## Task to carry out
An exact, complete printout of the listing is wanted, minus its images.

## Raw data
○ ○ ○ ○ ○ ○ ○

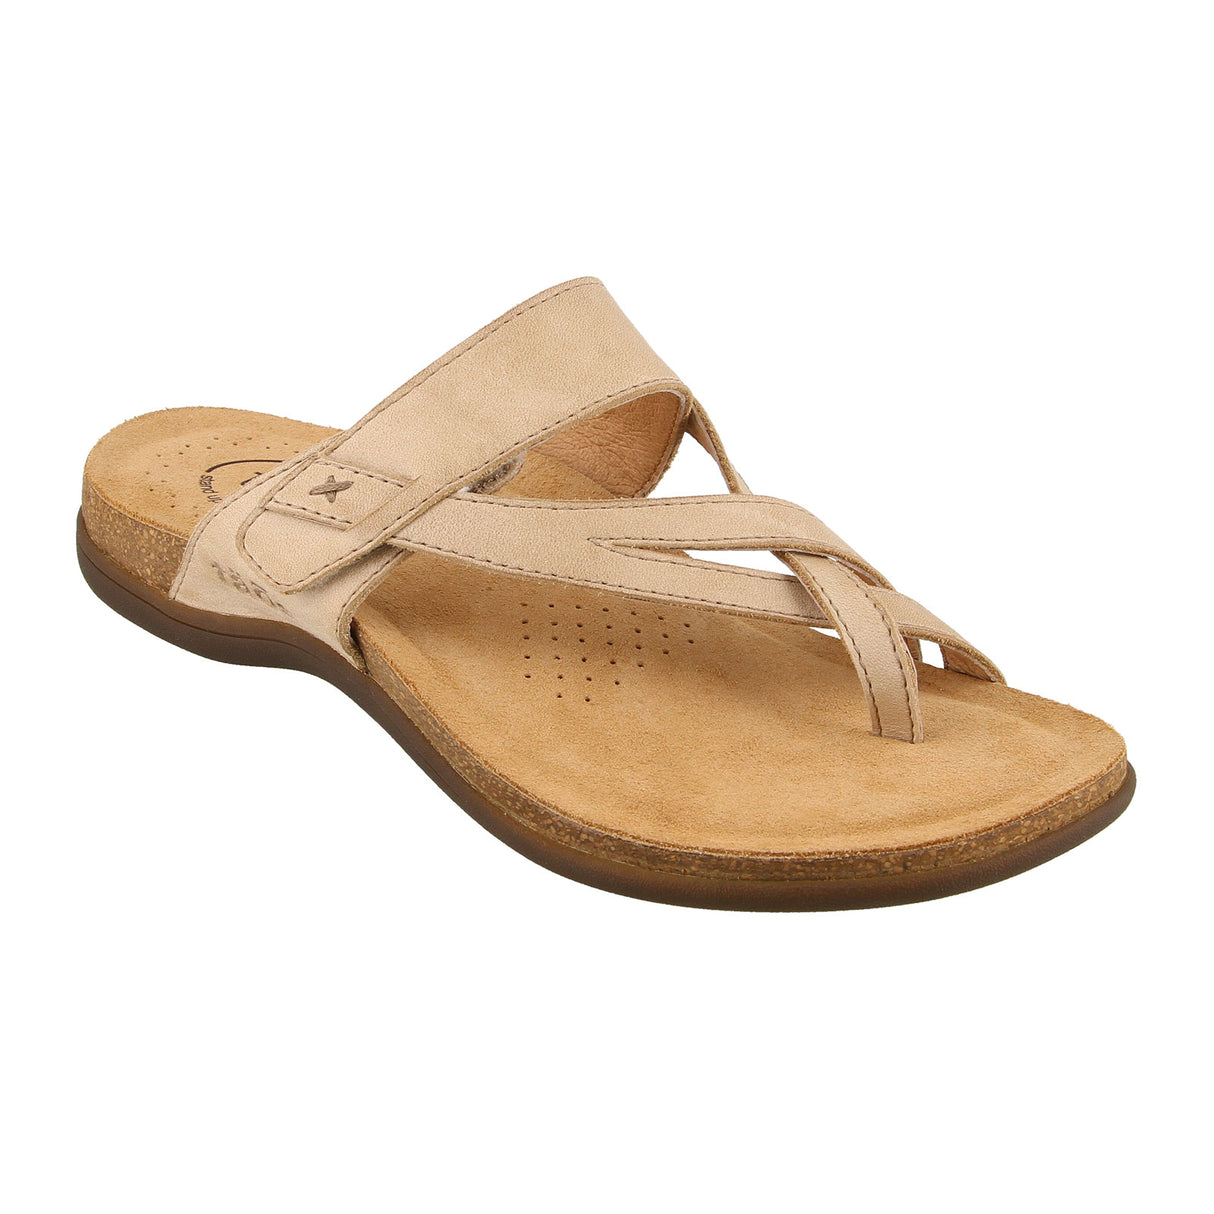 Taos Perfect Thong Sandal (Women) - Stone Sandals - Thong - The Heel Shoe Fitters
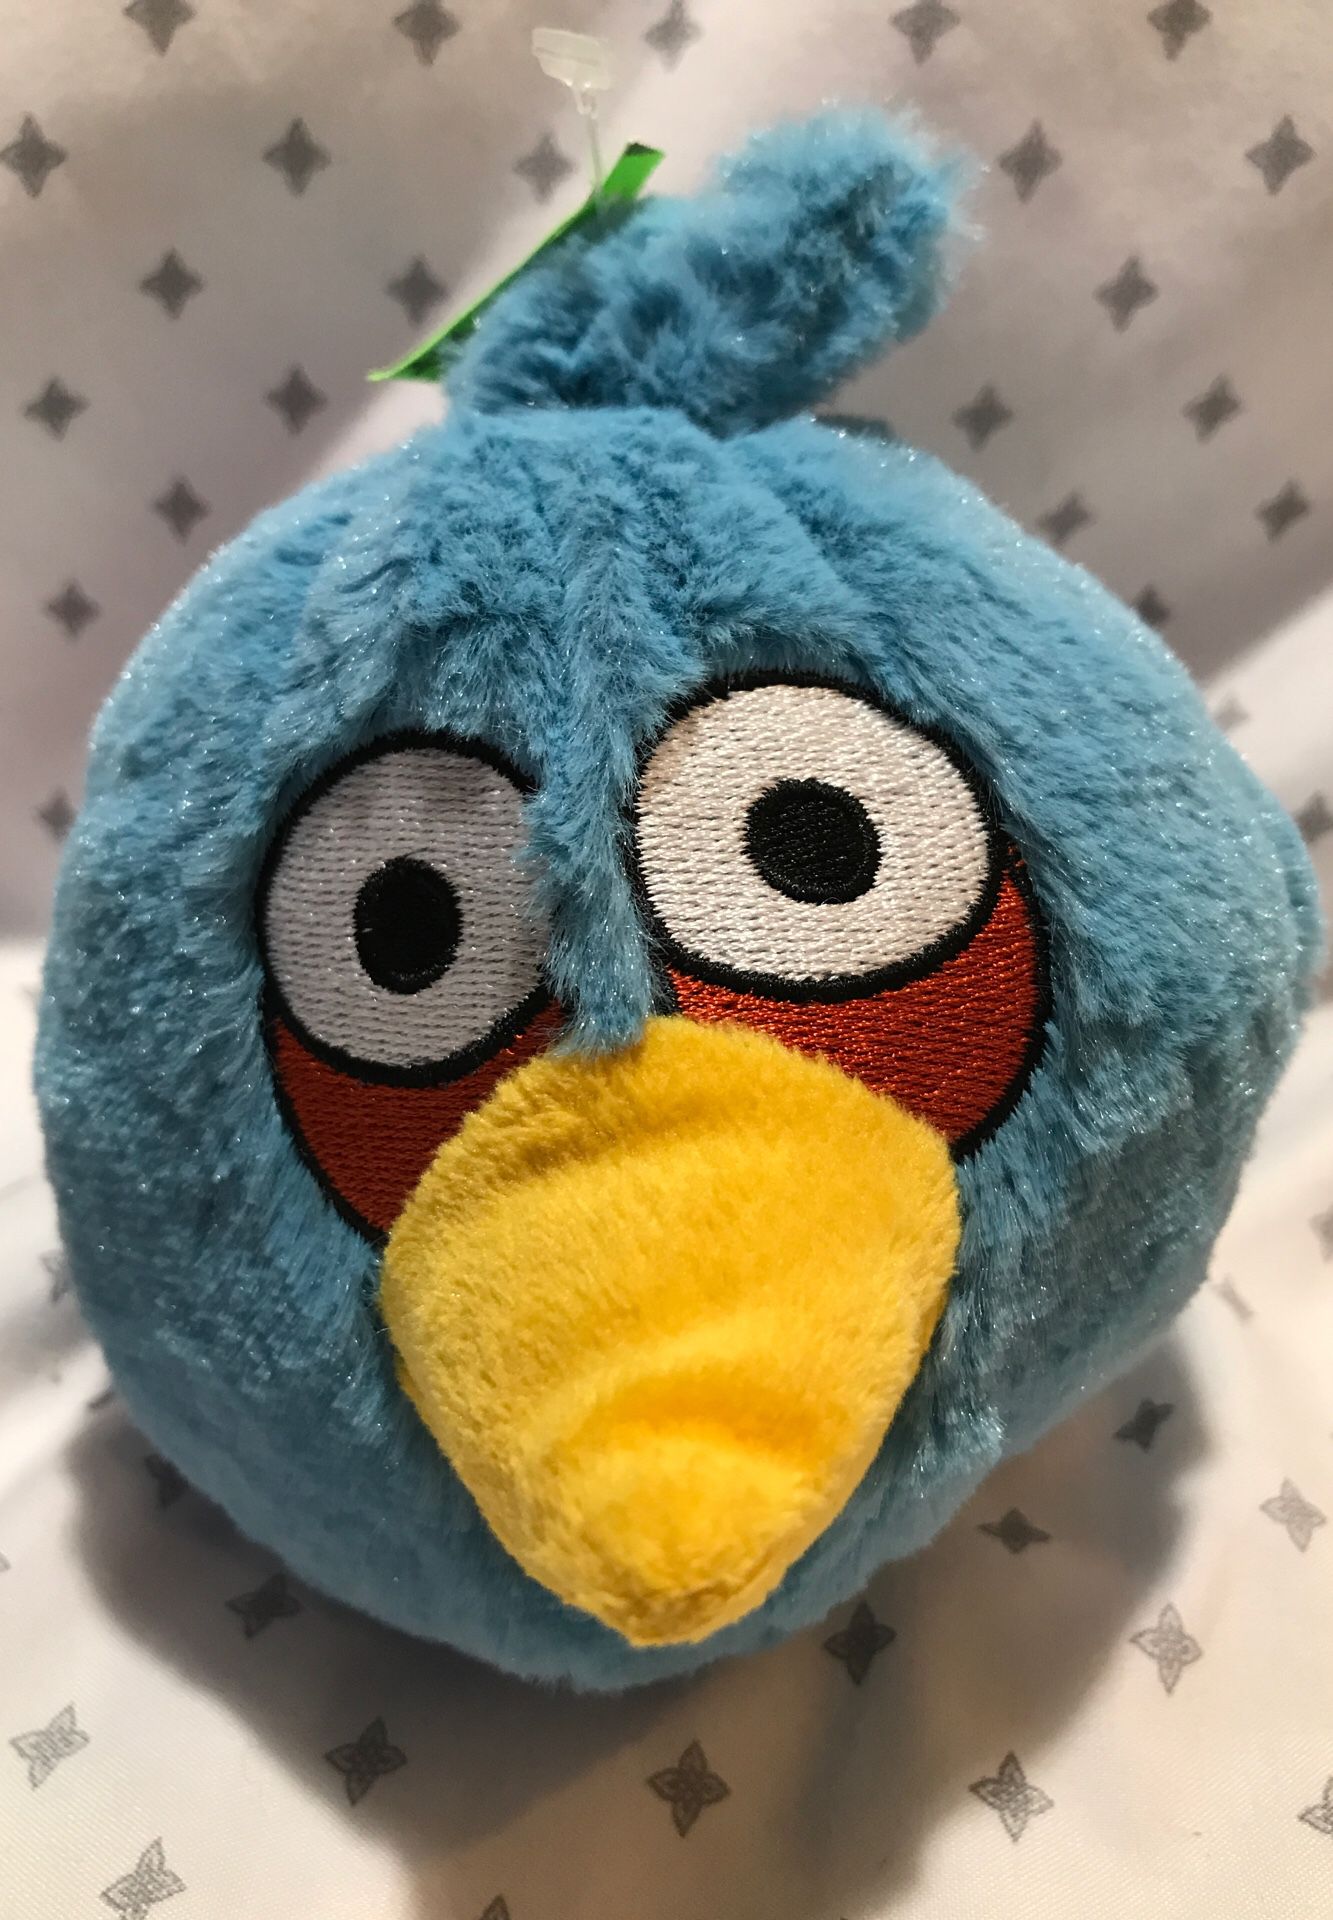 4.5” Angry Bird stuffed animal Open page to see the rest
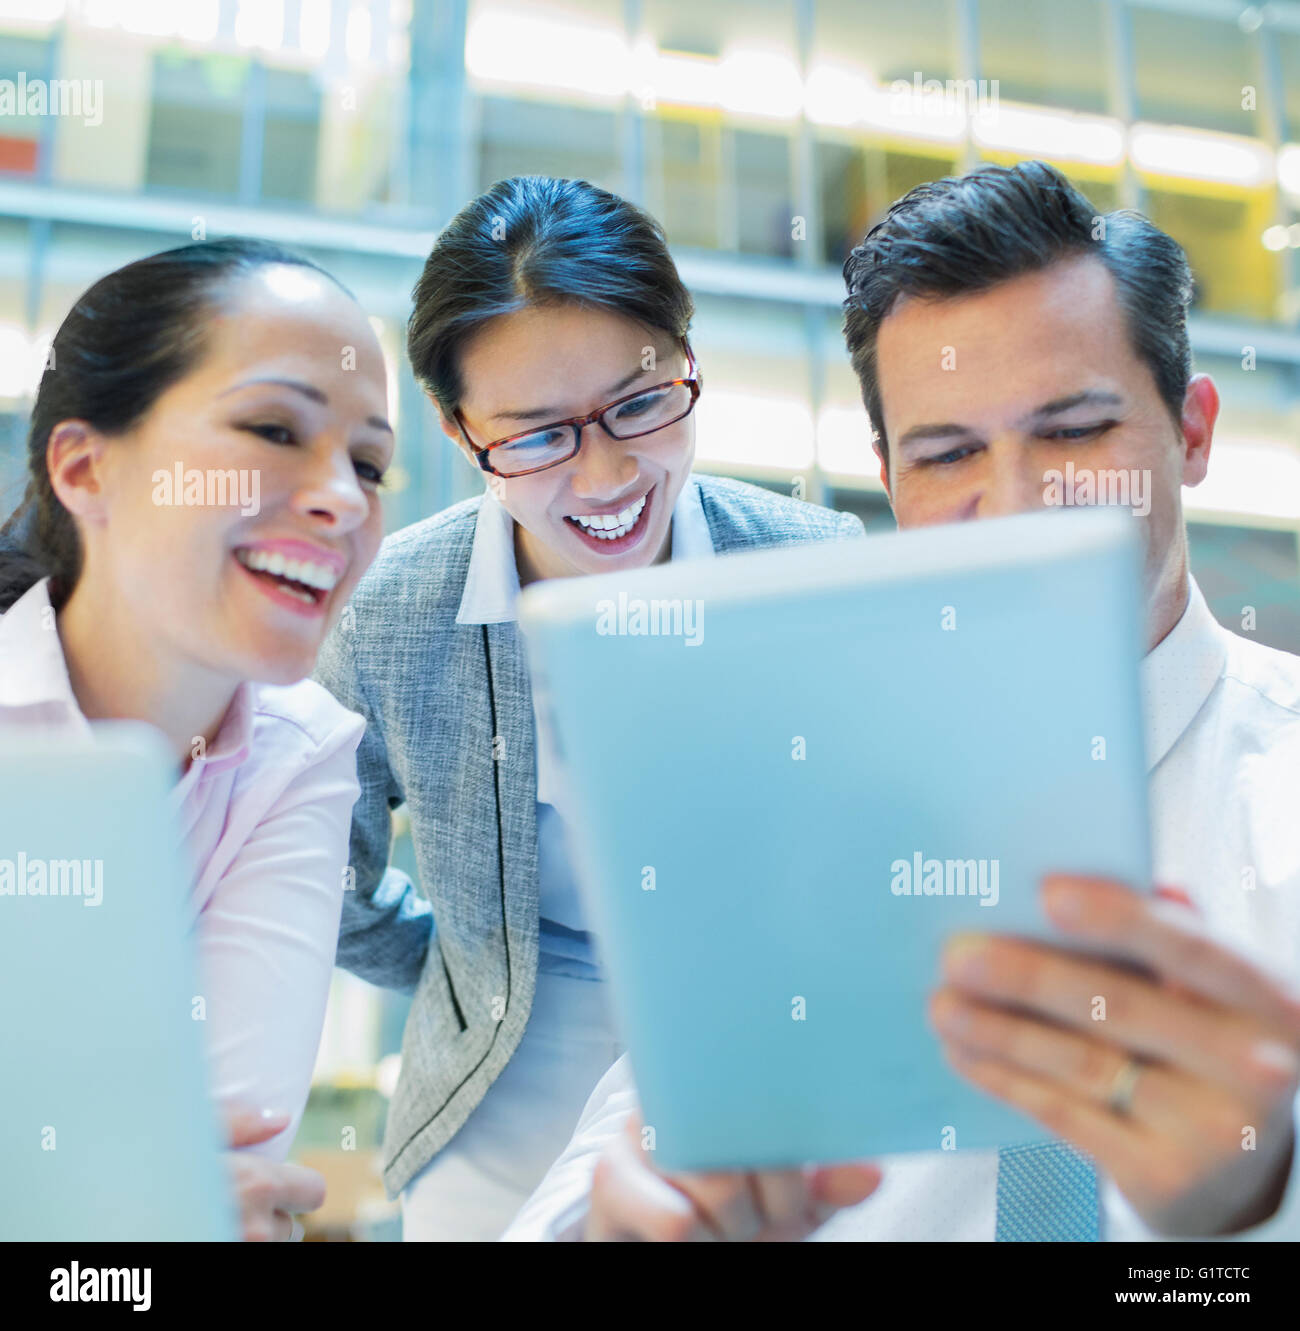 Smiling business people using digital tablet in office Banque D'Images

○ ○ ○ ○ ○ ○ ○

## Solved exercise
 Taos Perfect Thong Sandal (Women) - Stone Sandals - Thong - The Heel Shoe Fitters
 4.5” Angry Bird stuffed animal Open page to see the rest
 Smiling business people using digital tablet in office Banque D'Images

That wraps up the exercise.